Print every line of the material below exactly as it stands, but omit the pictures.

[Dataset excerpt]

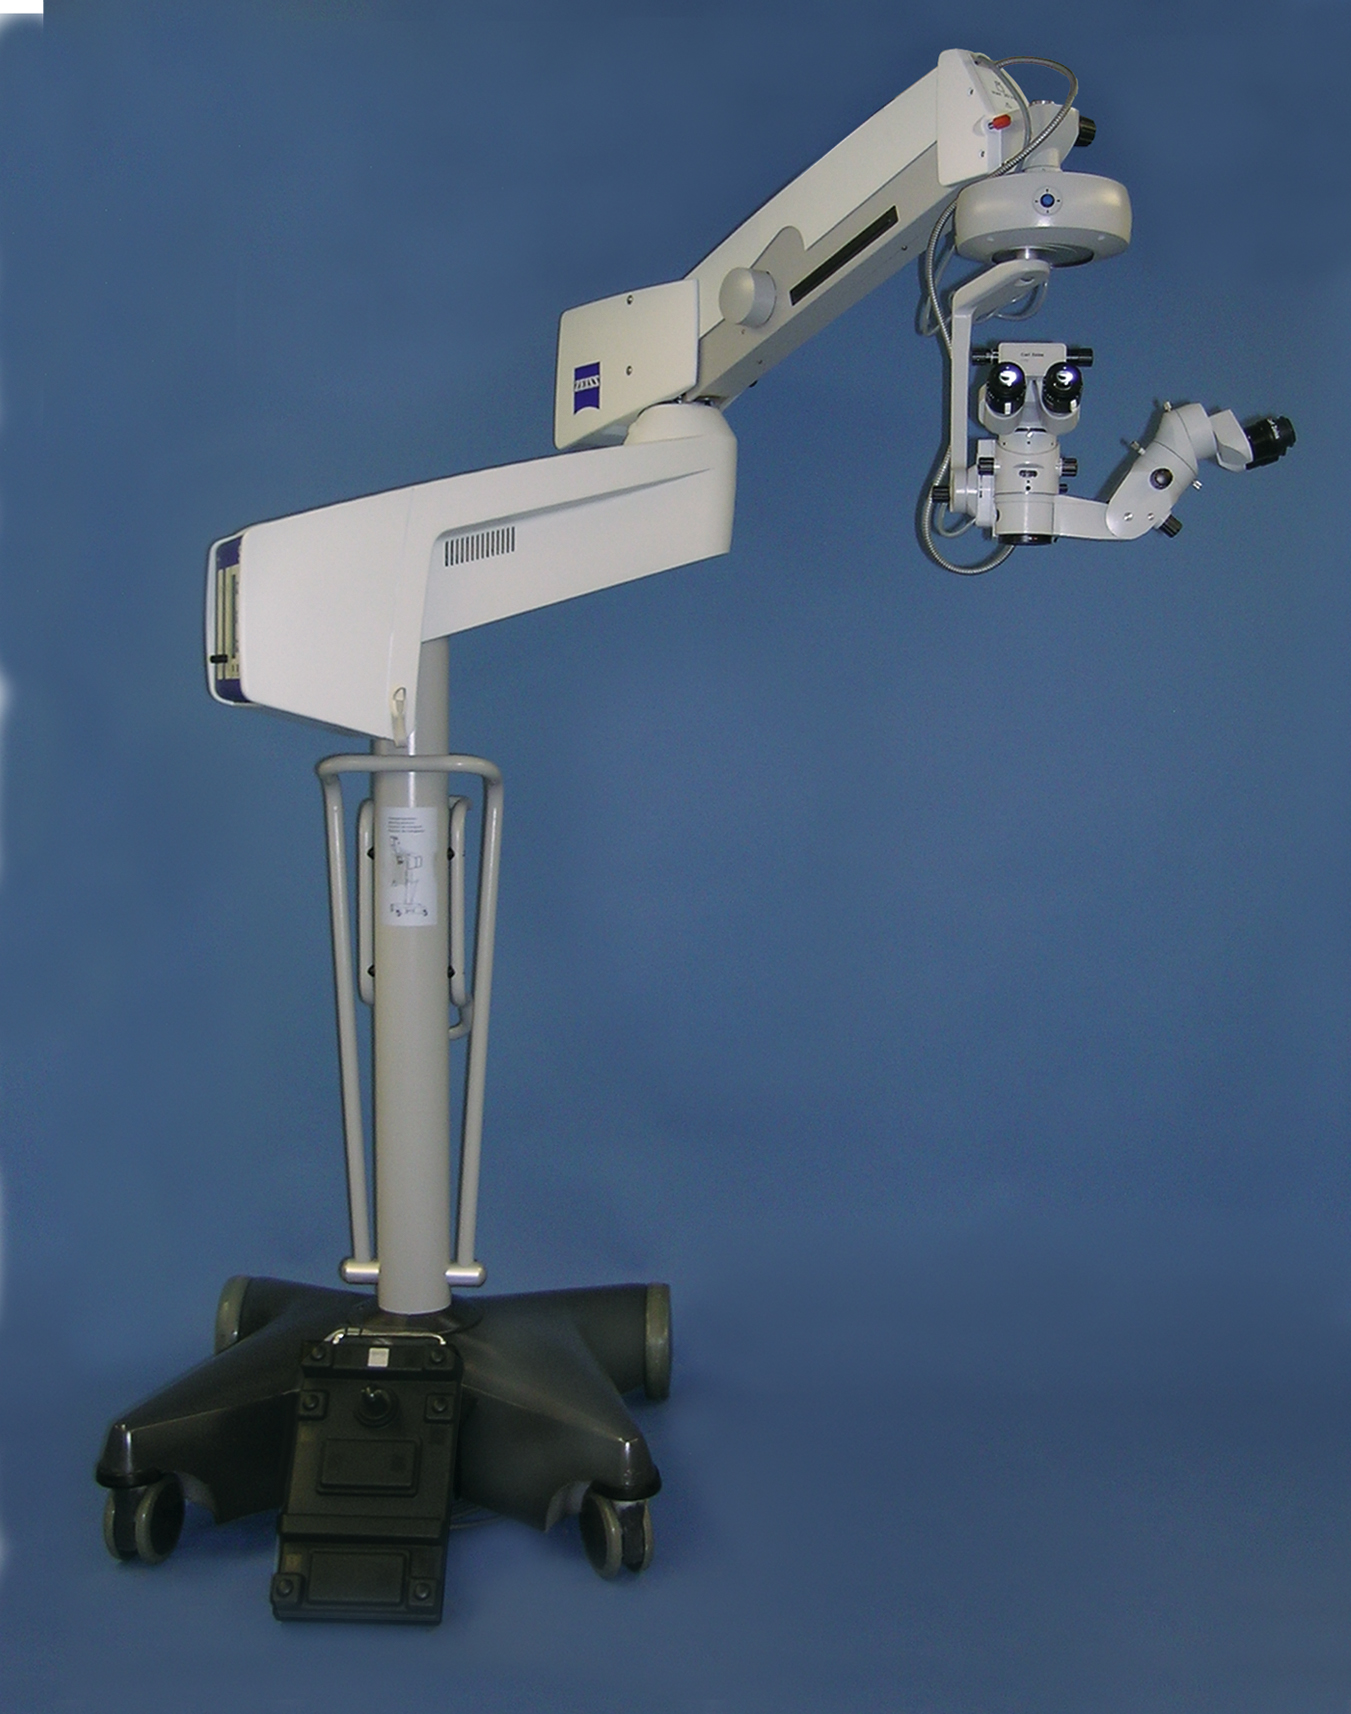 Zeiss OPMI ORL Microscope with Zeiss S5 Stand
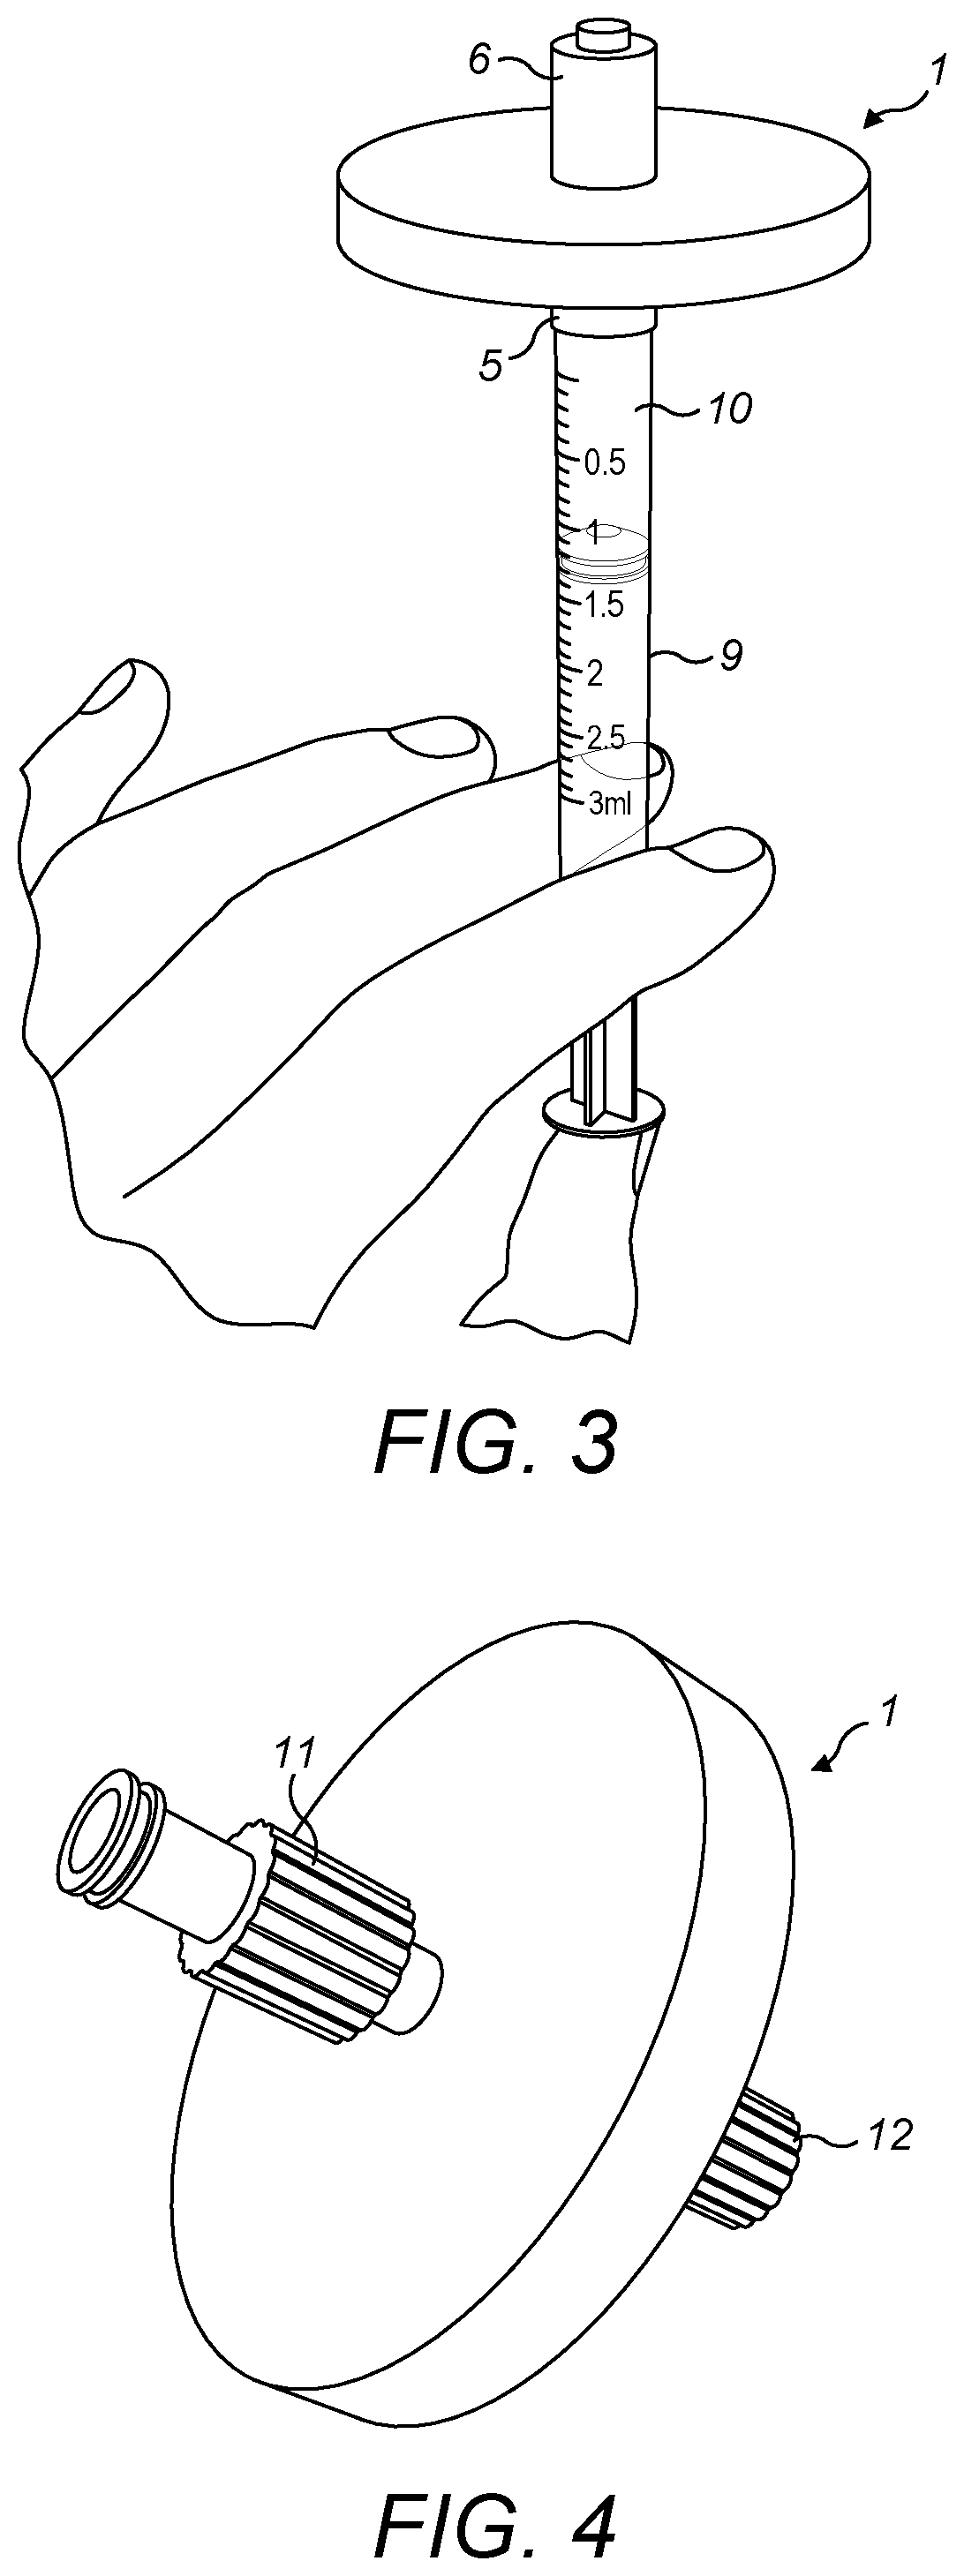 Filter assembly, kit and methods
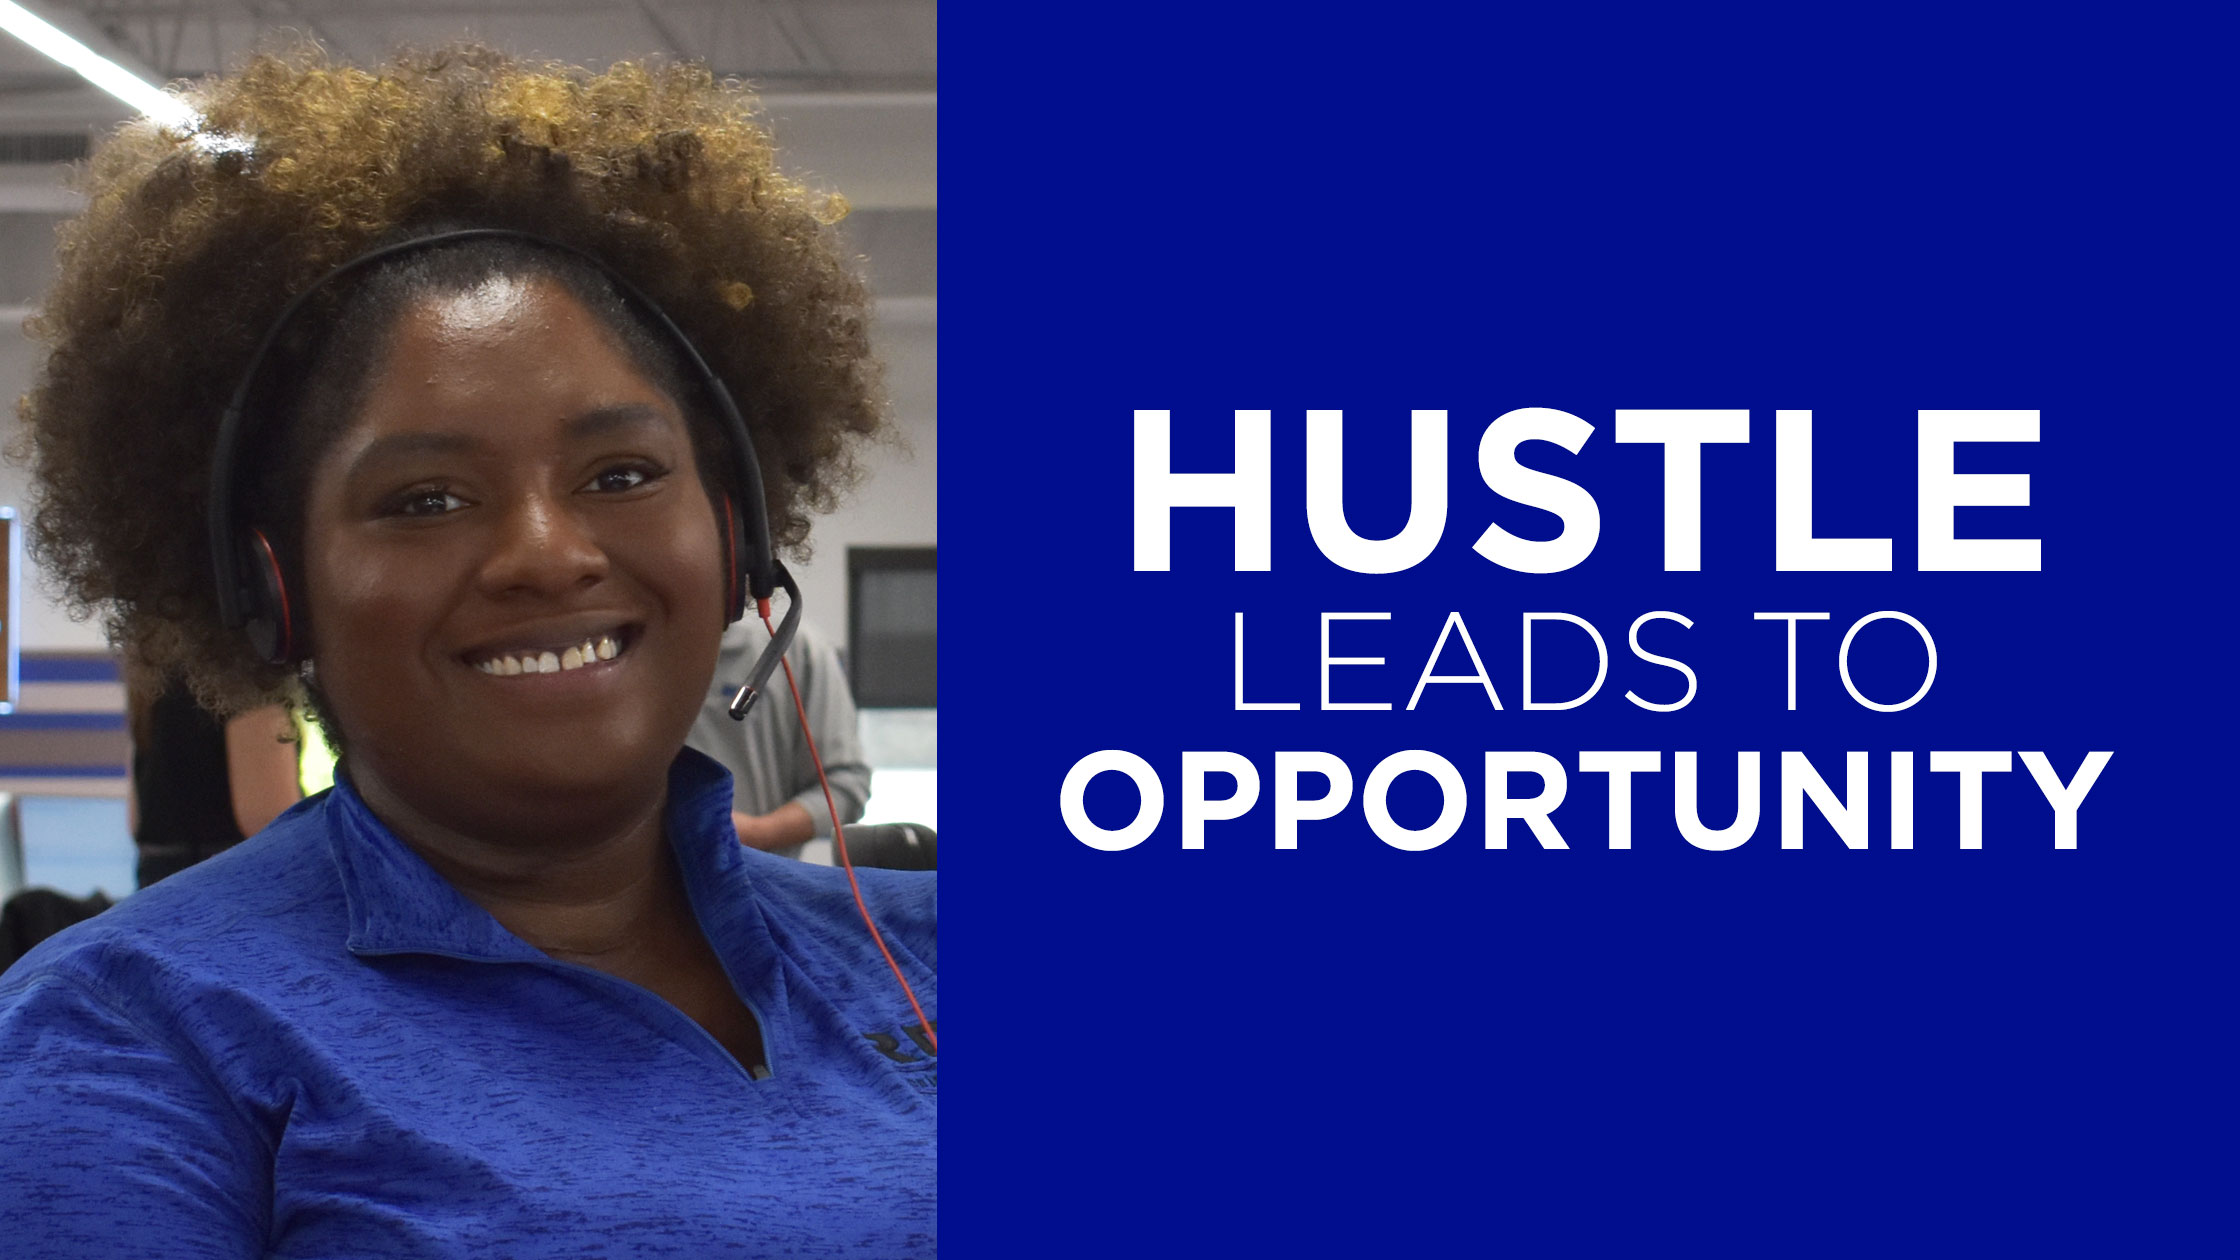 RDI Corporation - Hustle leads to opportunity

[/Dataset excerpt]

Written answer =
 Zeiss OPMI ORL Microscope with Zeiss S5 Stand
 Filter assembly, kit and methods
 RDI Corporation - Hustle leads to opportunity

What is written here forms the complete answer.